Так или иначе, проблема поставлена и требует внимательного и всестороннего обсуждения (см., в частности: Мучник В. М., Николаева И. Ю. От классики к постмодерну: о тенденциях развития современной западной исторической мысли // К новому пониманию человека в истории: Очерки развития современной западной исторической мысли. Томск, 1994). Отчасти именно по этой причине редколлегия "Одиссея" провела в марте 1995 г. "круглый стол" на тему: "Историк конца XX в. в поисках метода". Дискуссия, необходимость которой продиктована объективным положением дел, в какой-то мере отразила состояние умов наших историков: нередко мы слишком невнимательны к теории и гносеологии и не отдаем себе отчета в том, сколь насущно постоянно продумывать принципы и методы нашего ремесла. По выражению английского историка, "тот, кто владеет железной дорогой эпистемологии, контролирует всю территорию истории".

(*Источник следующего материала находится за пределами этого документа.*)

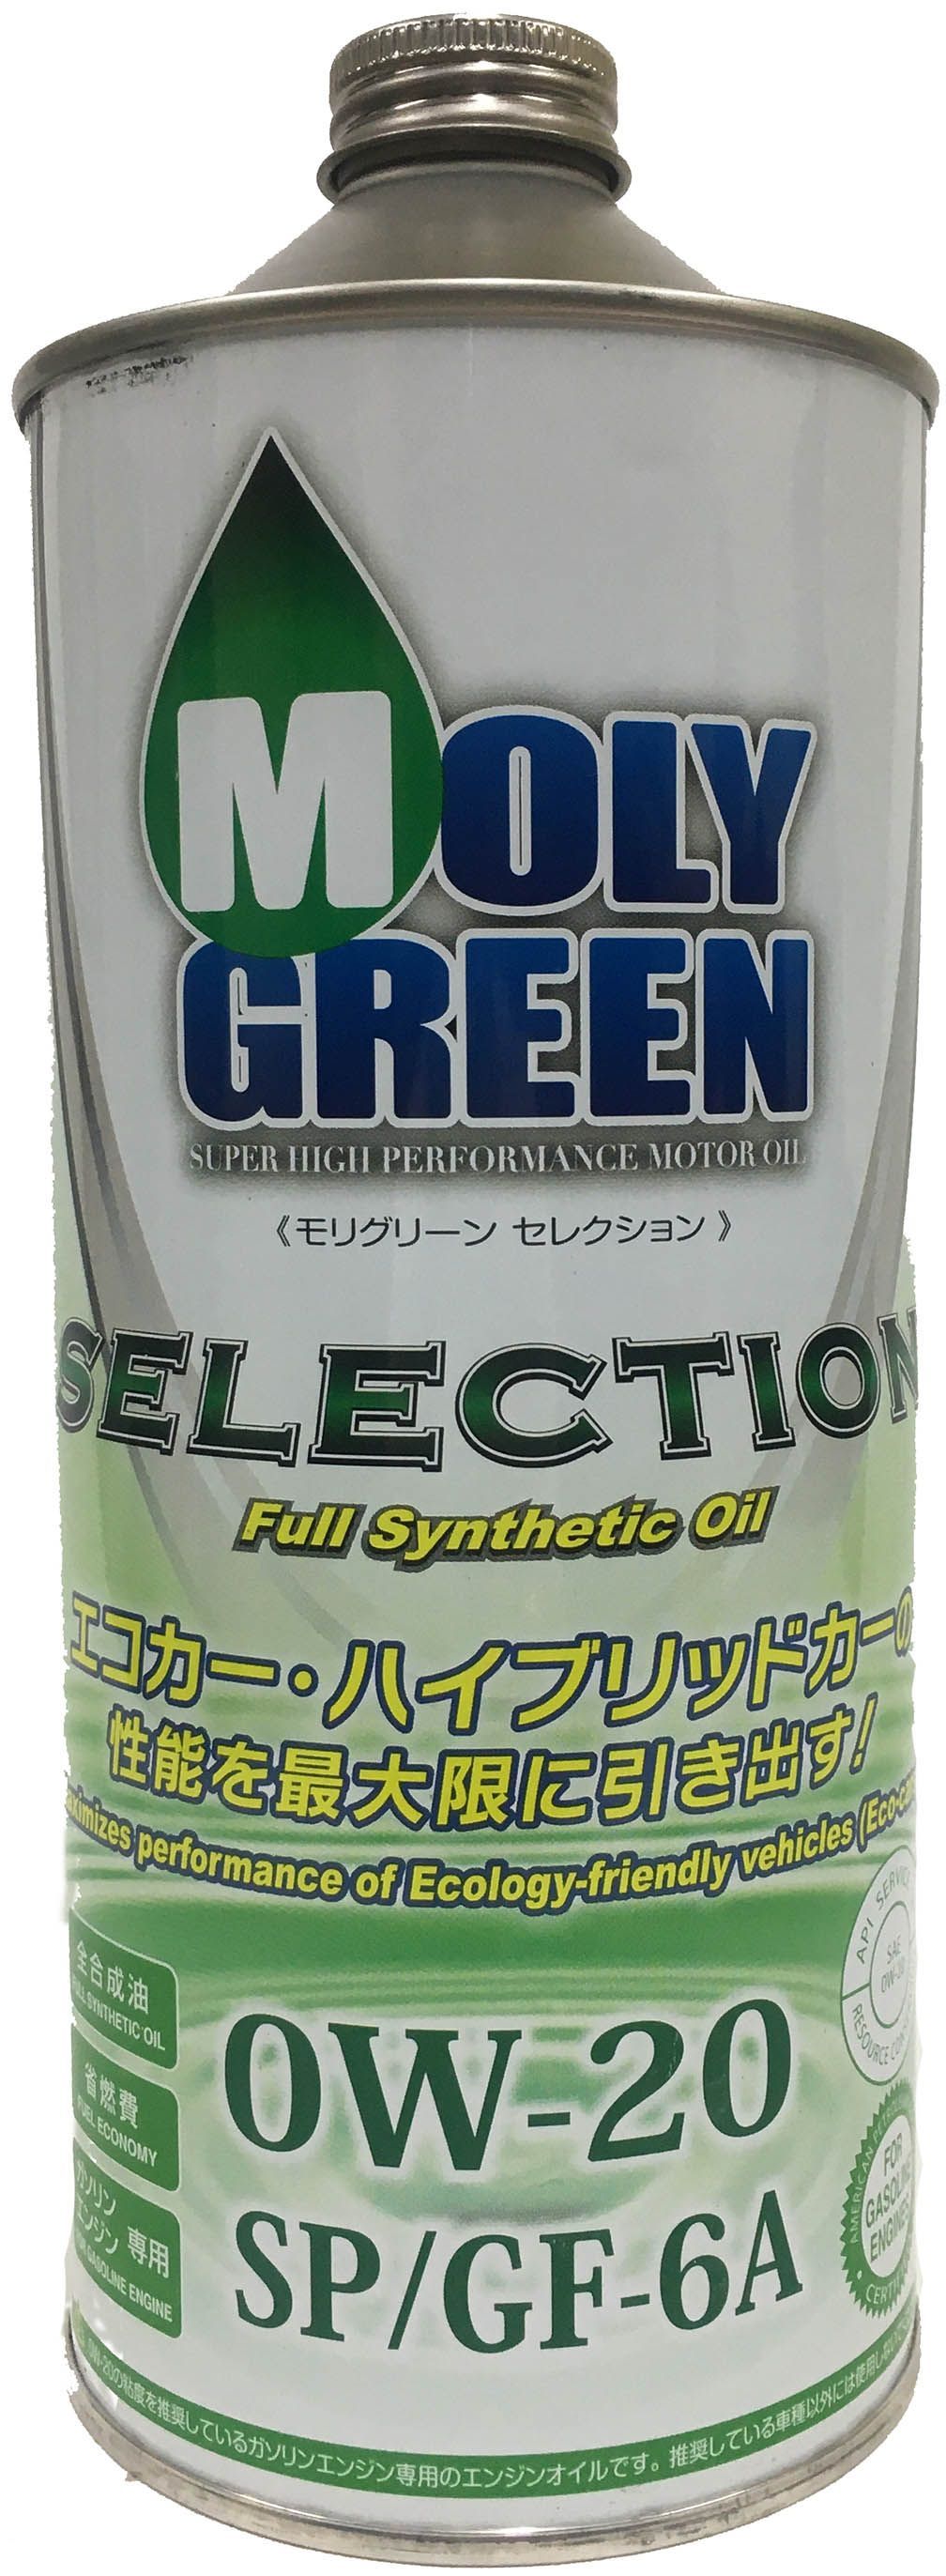 Moly green 0w 20. Моли Грин 0 в 20. Масло моли Грин 0w20. Moly Green 0w20 артикул. Moly Green Premium (Pao) SP/gf-6a 0w20 4л синт..

Внимательно и критически рассмотреть и оценить тот арсенал исследовательских принципов и методов, который унаследован от предшествующей стадии развития исторической науки, вдуматься в его гносеологические предпосылки и основы, которые историки далеко не всегда ясно осознают, - жизненно необходимая, настоятельная потребность современного исторического знания. С этим неразрывно связана другая не менее неотложная задача: выявить ведущие тенденции историографии нашего времени, те новые проблемы, которые перед ней возникли, присмотреться к новым, нетривиальным приемам обращения с источниками, - короче говоря, ориентироваться в перестраивающемся исследовательском поле истории.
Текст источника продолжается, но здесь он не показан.